In the present investigation we studied pyramidal cell structure in the gPFC of the macaque monkey, the vervet monkey, and the baboon. We focused on the gPFC because of its involvement in executive functions such as conceptual thinking, prioritizing, and planning. The aim of the study was to determine whether there exists any appreciable variation in pyramidal cell structure within the gPFC, and compare any such variation across species. The results reveal significant differences in pyramidal cell structure among cortical areas within the gPFC in all animals studied. Moreover, the extent and topology of these trends differed between animals. However, it remains unclear whether regional variation in pyramidal cell structure reported here represent species specializations or interindividual variation. In either event, the extent of variation observed in the gPFC is unparalleled in any other cortical regions studied (visual, somatosensory, motor, and cingulate cortex) in all cases examined. Evolutionary, developmental, and functional implications of these findings are discussed below.

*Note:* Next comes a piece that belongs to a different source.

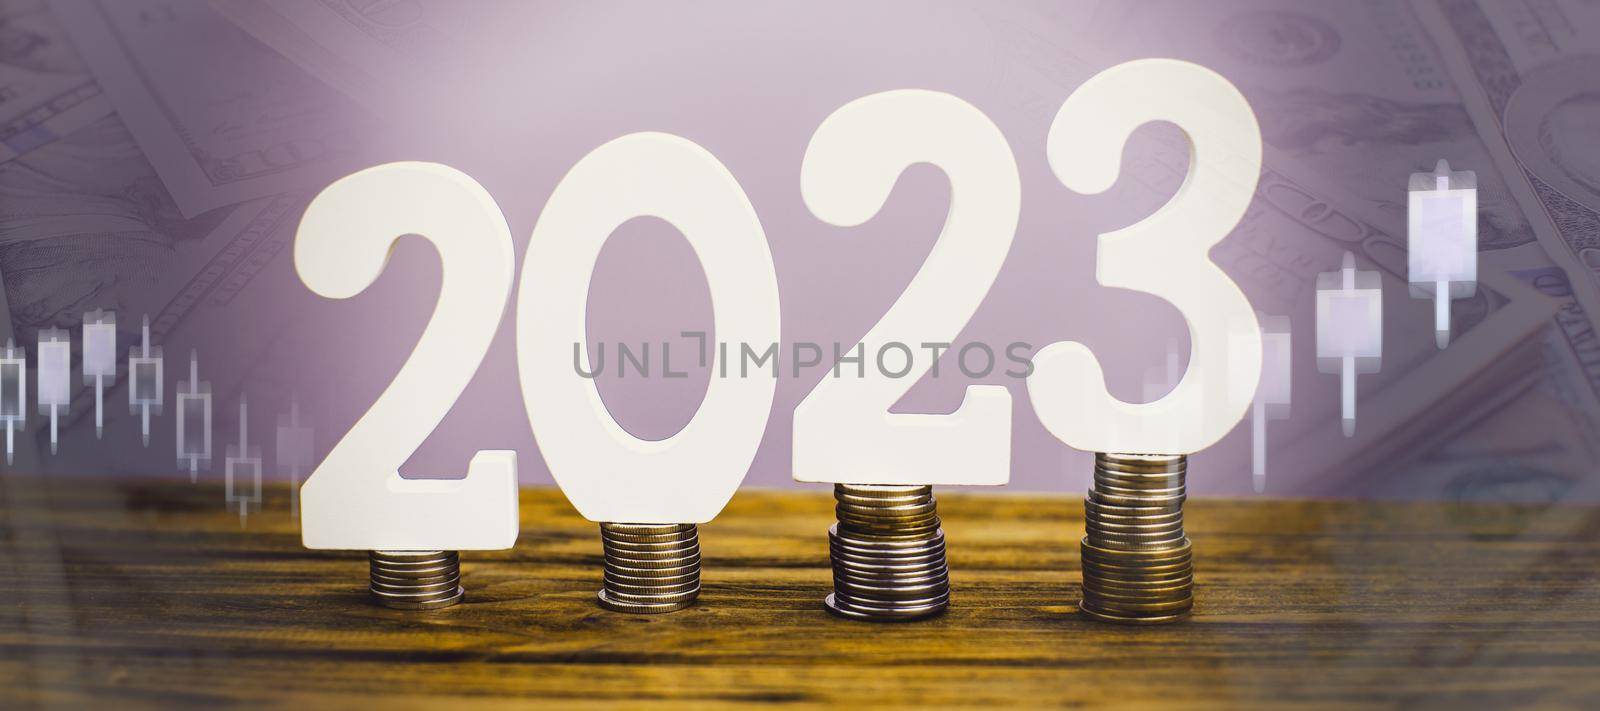 2023 on the stack of coins. tax payment, investment, and banking concept. 2023 new year saving money and financial planning concept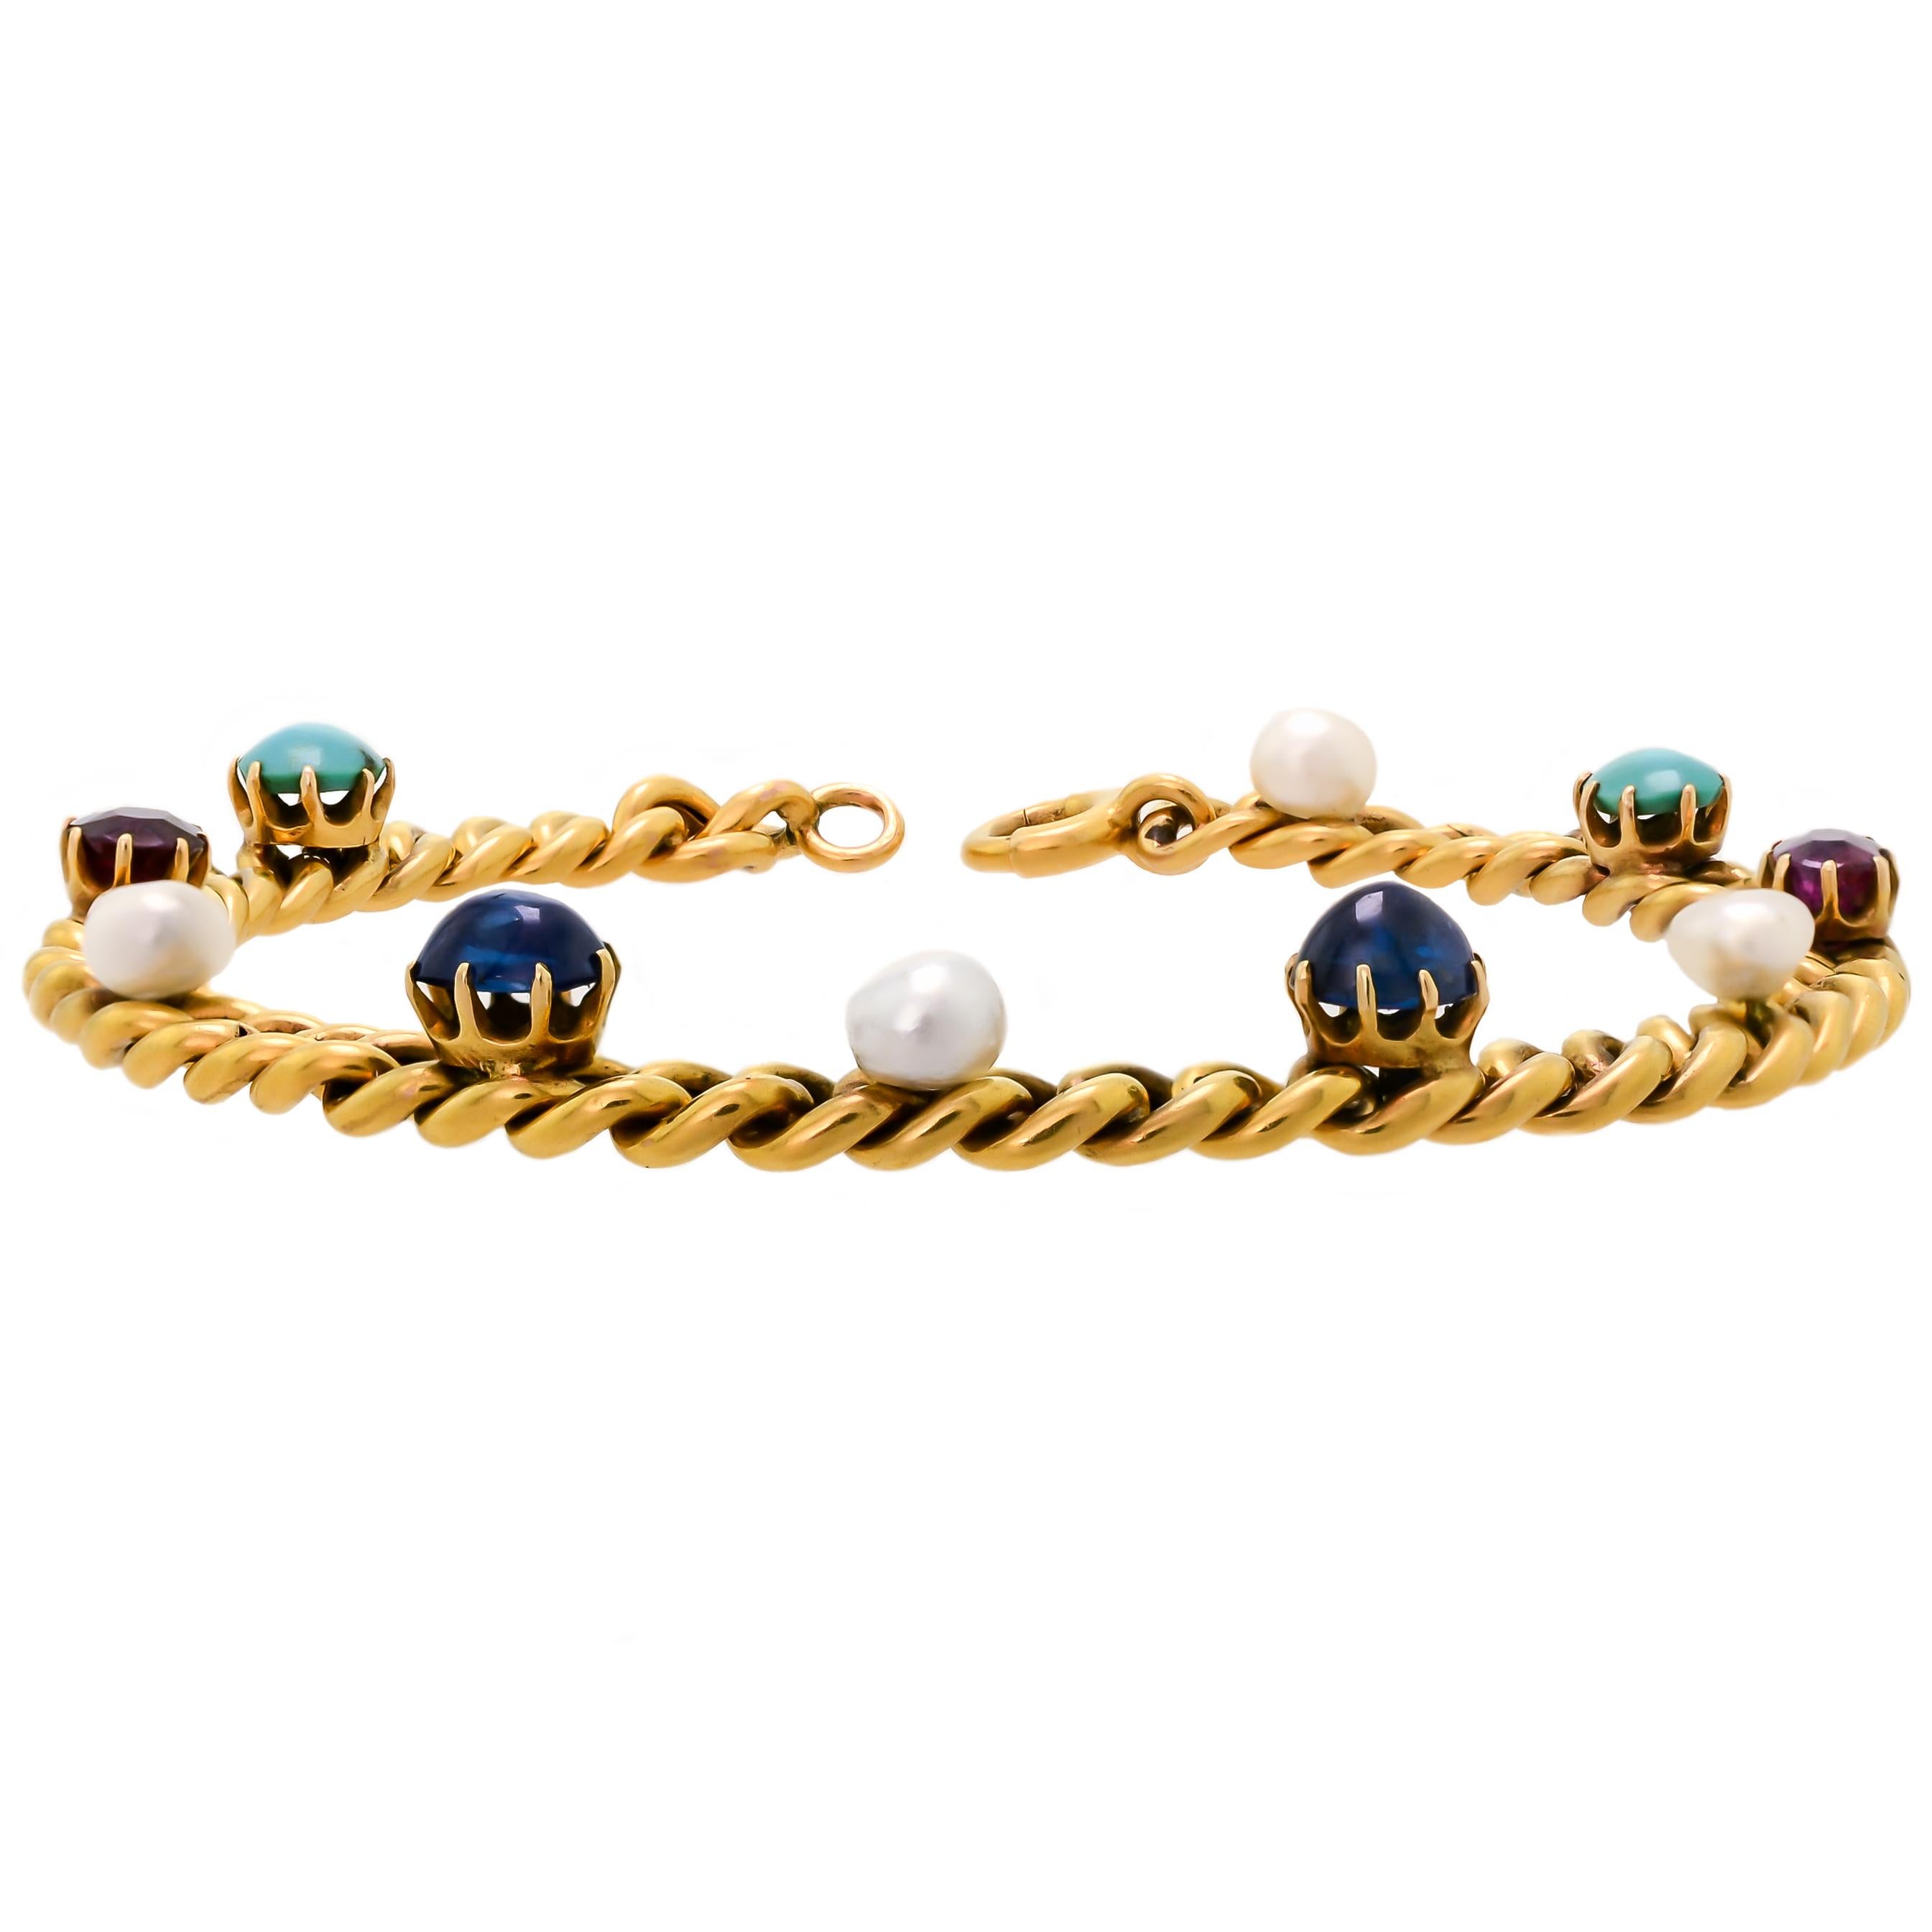 This charming and delightful Victorian 18 karat yellow gold curb-link gem-set bracelet is a beautiful and wearable piece. Set with alternating cabochon turquoise, cabochon sapphires, faceted rubies, and pearls these gems stand out against the rich

Neuronal Heterogeneity in Granular Prefrontal Cortex

The gPFC has been divided into several cortical areas, the number, and location of which varies between studies (Vogt and Vogt, 1919; Walker, 1940; Petrides and Pandya, 1988, 1999, 2001; Barbas and Pandya, 1989; Preuss and Goldman-Raki, 1991a,b,c; Carmichael and Price, 1996; Petrides, 1998; Barbas et al., 1999; Barbas, 2000; Pandya and Yeterian, 2000). While these studies have been instrumental in characterizing regional and species differences in the gPFC, they provide limited quantitative data on cortical microcircuitry. Examination of the present results (Figure 5) reveals new findings on the cortical microstructure not predictable from these cytological and connectional data. Namely, cortical pyramidal cells of similar size cell bodies may be characterized by dendritic trees of different size, branching structure, and spine density. Vice versa, pyramidal cells of different cell body size may have dendritic trees of similar size, branching structure or spine density. This lack of correspondence between cell body size and the structure of the dendritic tree has been reported in other cortical regions in primates, including the sensorimotor and cingulate cortex (Elston and Rockland, 2002; Elston et al., 2005a,f,g,i,j). Thus, while cytoarchitecture is an excellent means of detecting differences in areal and laminar structure in the cerebral cortex, it provides little insight into regional differences in patterns of connectivity and the integrative capabilities of the component neurons.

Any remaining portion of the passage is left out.